Of the entries below, return exactly those lines that fall between the one containing "watermelon-clip-art-cliparts-co" and the one containing "Beslutsunderlag Avtal om", the two end lines included.

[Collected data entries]
• • •

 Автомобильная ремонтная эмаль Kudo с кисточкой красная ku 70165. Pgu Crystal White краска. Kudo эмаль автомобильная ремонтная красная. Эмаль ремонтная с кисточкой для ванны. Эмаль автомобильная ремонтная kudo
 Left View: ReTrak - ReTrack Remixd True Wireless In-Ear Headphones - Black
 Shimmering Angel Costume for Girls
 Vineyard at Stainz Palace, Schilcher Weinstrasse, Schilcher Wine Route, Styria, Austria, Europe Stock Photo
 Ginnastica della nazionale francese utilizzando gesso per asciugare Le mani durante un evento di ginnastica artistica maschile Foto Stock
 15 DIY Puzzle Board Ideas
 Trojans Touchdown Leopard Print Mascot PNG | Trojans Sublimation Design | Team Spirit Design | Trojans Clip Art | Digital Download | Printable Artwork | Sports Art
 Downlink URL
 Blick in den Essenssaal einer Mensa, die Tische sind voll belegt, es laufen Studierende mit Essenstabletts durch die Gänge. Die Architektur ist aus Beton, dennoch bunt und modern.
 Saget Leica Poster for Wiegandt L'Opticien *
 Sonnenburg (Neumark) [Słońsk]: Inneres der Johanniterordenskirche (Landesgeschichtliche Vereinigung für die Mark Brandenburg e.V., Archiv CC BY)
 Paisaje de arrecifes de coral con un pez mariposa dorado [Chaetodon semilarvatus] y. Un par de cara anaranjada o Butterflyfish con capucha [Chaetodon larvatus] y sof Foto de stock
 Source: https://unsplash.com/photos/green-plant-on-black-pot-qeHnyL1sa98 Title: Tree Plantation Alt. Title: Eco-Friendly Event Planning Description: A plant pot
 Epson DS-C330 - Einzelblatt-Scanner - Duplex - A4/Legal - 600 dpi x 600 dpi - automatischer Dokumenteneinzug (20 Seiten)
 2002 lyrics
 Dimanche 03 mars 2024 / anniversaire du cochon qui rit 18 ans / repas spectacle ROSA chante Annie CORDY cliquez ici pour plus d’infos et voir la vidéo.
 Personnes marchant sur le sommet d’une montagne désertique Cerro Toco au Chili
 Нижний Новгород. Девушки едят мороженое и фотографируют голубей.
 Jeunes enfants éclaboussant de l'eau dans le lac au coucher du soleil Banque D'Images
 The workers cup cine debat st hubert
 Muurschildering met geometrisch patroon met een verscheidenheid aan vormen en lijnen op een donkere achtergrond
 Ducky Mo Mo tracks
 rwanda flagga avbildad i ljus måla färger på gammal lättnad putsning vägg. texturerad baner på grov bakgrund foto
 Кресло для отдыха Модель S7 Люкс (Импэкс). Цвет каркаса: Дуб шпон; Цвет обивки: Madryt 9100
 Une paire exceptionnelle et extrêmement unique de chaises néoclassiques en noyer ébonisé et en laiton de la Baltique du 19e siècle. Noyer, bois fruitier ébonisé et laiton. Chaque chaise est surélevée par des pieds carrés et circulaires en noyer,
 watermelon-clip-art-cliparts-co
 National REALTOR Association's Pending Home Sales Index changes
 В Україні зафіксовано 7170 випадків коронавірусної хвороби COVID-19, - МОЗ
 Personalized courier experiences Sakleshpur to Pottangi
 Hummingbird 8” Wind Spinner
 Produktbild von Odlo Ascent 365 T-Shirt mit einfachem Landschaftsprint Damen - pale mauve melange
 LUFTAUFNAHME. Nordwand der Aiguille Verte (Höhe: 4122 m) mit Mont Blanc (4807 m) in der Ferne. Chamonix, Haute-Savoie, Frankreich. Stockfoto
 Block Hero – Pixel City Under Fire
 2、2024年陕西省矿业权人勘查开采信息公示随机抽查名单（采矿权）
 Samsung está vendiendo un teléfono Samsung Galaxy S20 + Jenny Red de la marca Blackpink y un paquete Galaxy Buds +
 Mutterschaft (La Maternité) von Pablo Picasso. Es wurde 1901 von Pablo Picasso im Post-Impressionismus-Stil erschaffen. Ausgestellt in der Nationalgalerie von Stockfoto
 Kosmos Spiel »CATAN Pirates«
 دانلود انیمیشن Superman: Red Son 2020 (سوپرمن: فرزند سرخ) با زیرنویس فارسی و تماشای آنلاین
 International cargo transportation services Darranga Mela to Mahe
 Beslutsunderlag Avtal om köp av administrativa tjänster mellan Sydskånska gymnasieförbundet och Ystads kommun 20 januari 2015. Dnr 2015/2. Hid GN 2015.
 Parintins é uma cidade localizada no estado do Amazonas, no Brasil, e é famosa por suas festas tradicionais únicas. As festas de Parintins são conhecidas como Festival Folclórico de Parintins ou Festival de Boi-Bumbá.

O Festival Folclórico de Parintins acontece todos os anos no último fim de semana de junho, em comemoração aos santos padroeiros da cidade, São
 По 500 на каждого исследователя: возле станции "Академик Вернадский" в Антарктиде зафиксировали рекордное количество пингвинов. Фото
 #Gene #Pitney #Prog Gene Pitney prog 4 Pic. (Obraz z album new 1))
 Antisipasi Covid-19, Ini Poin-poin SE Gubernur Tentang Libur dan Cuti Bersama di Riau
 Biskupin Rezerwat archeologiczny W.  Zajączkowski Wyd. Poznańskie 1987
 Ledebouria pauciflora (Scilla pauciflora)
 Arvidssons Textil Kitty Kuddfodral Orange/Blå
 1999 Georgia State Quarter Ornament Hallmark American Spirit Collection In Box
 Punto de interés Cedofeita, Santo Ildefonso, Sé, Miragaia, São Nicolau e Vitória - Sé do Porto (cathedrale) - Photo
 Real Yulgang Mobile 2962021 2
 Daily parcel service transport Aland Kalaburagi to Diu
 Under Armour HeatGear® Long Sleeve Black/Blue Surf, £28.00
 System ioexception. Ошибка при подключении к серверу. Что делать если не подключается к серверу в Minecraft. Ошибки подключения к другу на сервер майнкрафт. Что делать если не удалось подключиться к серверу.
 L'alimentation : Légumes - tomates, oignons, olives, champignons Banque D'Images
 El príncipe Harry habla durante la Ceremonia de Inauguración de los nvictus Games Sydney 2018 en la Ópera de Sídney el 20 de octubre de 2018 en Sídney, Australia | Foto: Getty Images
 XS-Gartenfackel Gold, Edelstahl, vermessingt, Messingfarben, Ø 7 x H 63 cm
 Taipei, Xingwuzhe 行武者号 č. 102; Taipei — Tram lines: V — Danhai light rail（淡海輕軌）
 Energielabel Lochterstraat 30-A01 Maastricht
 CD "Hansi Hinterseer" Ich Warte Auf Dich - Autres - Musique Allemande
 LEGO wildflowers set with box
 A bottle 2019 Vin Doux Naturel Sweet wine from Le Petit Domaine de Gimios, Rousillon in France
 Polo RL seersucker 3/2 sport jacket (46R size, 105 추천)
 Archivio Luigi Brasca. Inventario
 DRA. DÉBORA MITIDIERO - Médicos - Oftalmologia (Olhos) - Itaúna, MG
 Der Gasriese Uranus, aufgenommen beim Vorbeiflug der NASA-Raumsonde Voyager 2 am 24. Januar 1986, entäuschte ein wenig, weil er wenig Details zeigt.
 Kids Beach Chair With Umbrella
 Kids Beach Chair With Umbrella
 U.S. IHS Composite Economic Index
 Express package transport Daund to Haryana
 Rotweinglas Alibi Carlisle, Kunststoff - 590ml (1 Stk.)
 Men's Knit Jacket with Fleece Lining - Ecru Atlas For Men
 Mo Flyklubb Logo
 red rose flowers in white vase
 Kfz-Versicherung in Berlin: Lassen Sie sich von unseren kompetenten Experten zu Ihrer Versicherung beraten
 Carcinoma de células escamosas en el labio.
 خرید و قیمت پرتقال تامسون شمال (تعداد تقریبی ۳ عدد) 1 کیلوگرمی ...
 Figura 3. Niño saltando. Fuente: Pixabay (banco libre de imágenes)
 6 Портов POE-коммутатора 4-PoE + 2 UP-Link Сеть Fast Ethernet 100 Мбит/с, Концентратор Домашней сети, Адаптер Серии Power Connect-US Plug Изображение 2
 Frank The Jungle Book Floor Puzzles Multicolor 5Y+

• • •

Your response
 watermelon-clip-art-cliparts-co
 National REALTOR Association's Pending Home Sales Index changes
 В Україні зафіксовано 7170 випадків коронавірусної хвороби COVID-19, - МОЗ
 Personalized courier experiences Sakleshpur to Pottangi
 Hummingbird 8” Wind Spinner
 Produktbild von Odlo Ascent 365 T-Shirt mit einfachem Landschaftsprint Damen - pale mauve melange
 LUFTAUFNAHME. Nordwand der Aiguille Verte (Höhe: 4122 m) mit Mont Blanc (4807 m) in der Ferne. Chamonix, Haute-Savoie, Frankreich. Stockfoto
 Block Hero – Pixel City Under Fire
 2、2024年陕西省矿业权人勘查开采信息公示随机抽查名单（采矿权）
 Samsung está vendiendo un teléfono Samsung Galaxy S20 + Jenny Red de la marca Blackpink y un paquete Galaxy Buds +
 Mutterschaft (La Maternité) von Pablo Picasso. Es wurde 1901 von Pablo Picasso im Post-Impressionismus-Stil erschaffen. Ausgestellt in der Nationalgalerie von Stockfoto
 Kosmos Spiel »CATAN Pirates«
 دانلود انیمیشن Superman: Red Son 2020 (سوپرمن: فرزند سرخ) با زیرنویس فارسی و تماشای آنلاین
 International cargo transportation services Darranga Mela to Mahe
 Beslutsunderlag Avtal om köp av administrativa tjänster mellan Sydskånska gymnasieförbundet och Ystads kommun 20 januari 2015. Dnr 2015/2. Hid GN 2015.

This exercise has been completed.